- Apr 22, 2020
I'm thinking you are wasting your time in the message box and should be writing a dystopian science fiction novel.The surface is hard all right, but the base material still has the modulus of aluminum. The designer of the clutch overcame the problem of dissimilar materials by enlarging the pressure area acting on the aluminum. In their design, only a small fraction of the pressure load acts on the spline ends. Essentially, the small washer is there to ensure the large washer stays flat. It's a bit complicated to explain - load distribution is a product of area and modulus of the backing material.
In your loading scheme, virtually all pretension load and running load will transfer via the nut and small spacer into the splined ends, and there is very little pressure on the hub pushing its splines towards the tapered end of splines, which is the real design intent.
I fear you will see abnormal wear and clutch drum "wobbliness" before long. I guess you will just have to monitor the clutch assembly as miles stack up.
On the plus side of this experiment, nothing gets modified to the point that going back to the AMC clutch can't be done easily.
Given how little I actually ride the P11, I doubt I'll have any issues with the NEB clutch other than banging the gears some without any cush rubber in the clutch center hub or my rear wheel hub. Shifting into first from neutral might be a bit crunchy.

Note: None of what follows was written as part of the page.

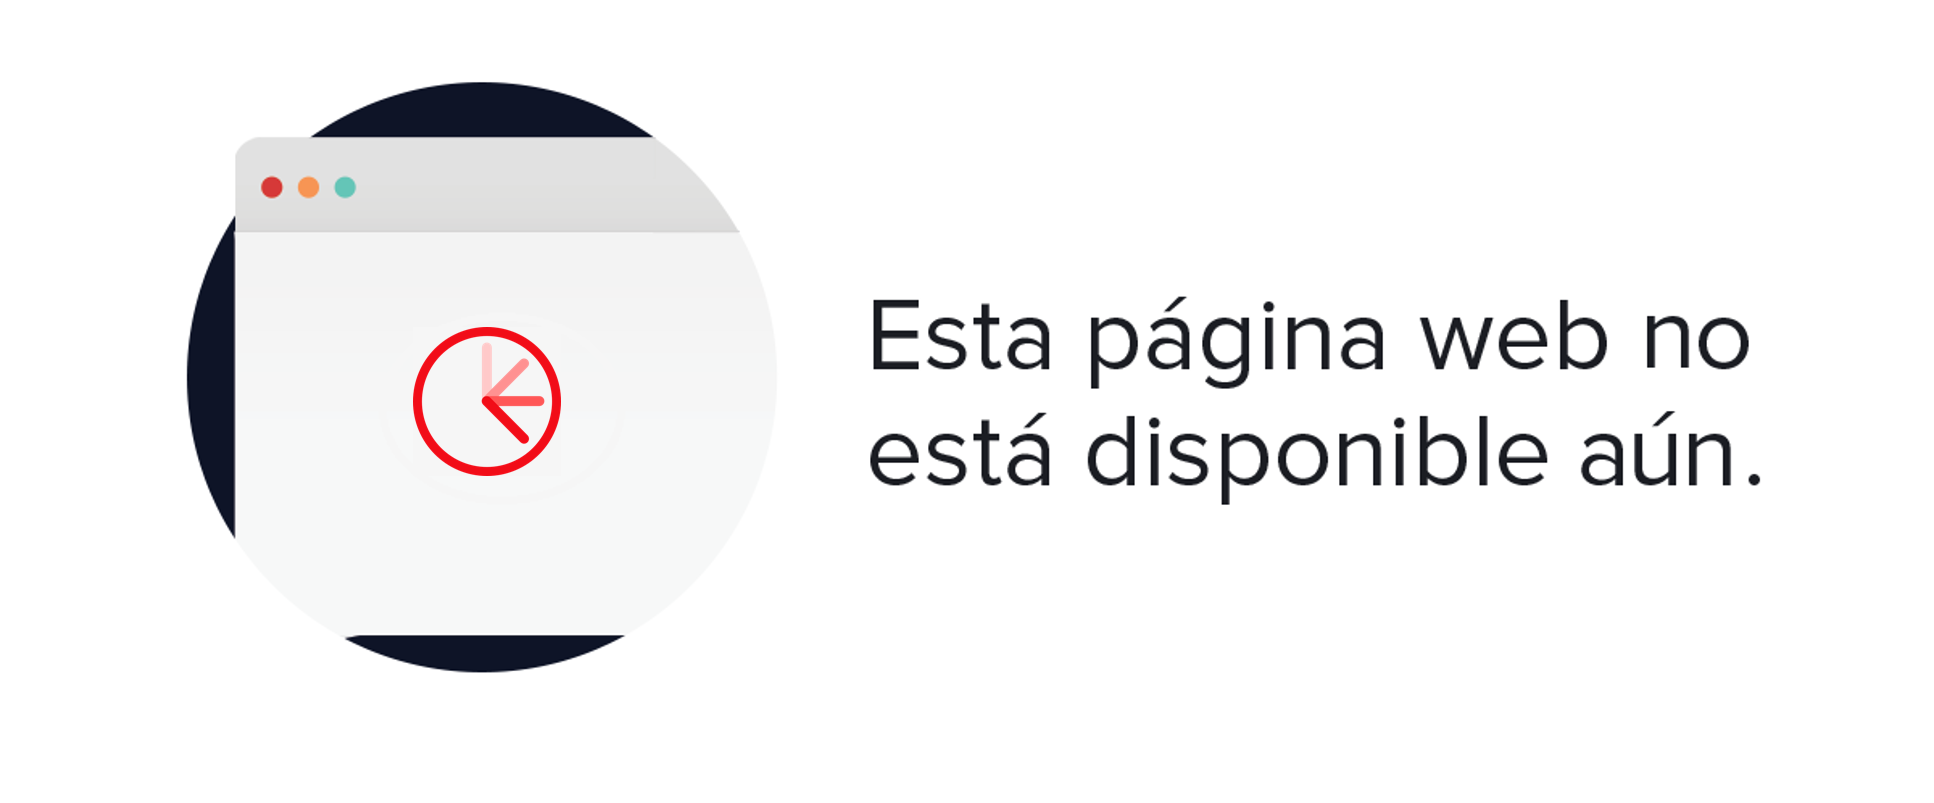 Nuevo : Officine Creative - botas Ikon ID de la Marca:IKON035NOVAKTINTO - FOCLPAU - Botas Hombre

By the way, I think the AMC clutch also fastens with the nut pretension load on the shouldered end of the spined shaft. I'll be checking on that soon. If it actually tightened up on the taper spline cut, I would need a clutch puller to get the AMC clutch off. However, the clutch slides on and off after the nut is removed. The main difference is the little spacer is not part of the NEB hub like it is on the AMC clutch. It actually free floats in there. So I suppose it is possible that things could loosen up and trash the alloy splines if not torqued down tight. I'm not going to worry about it.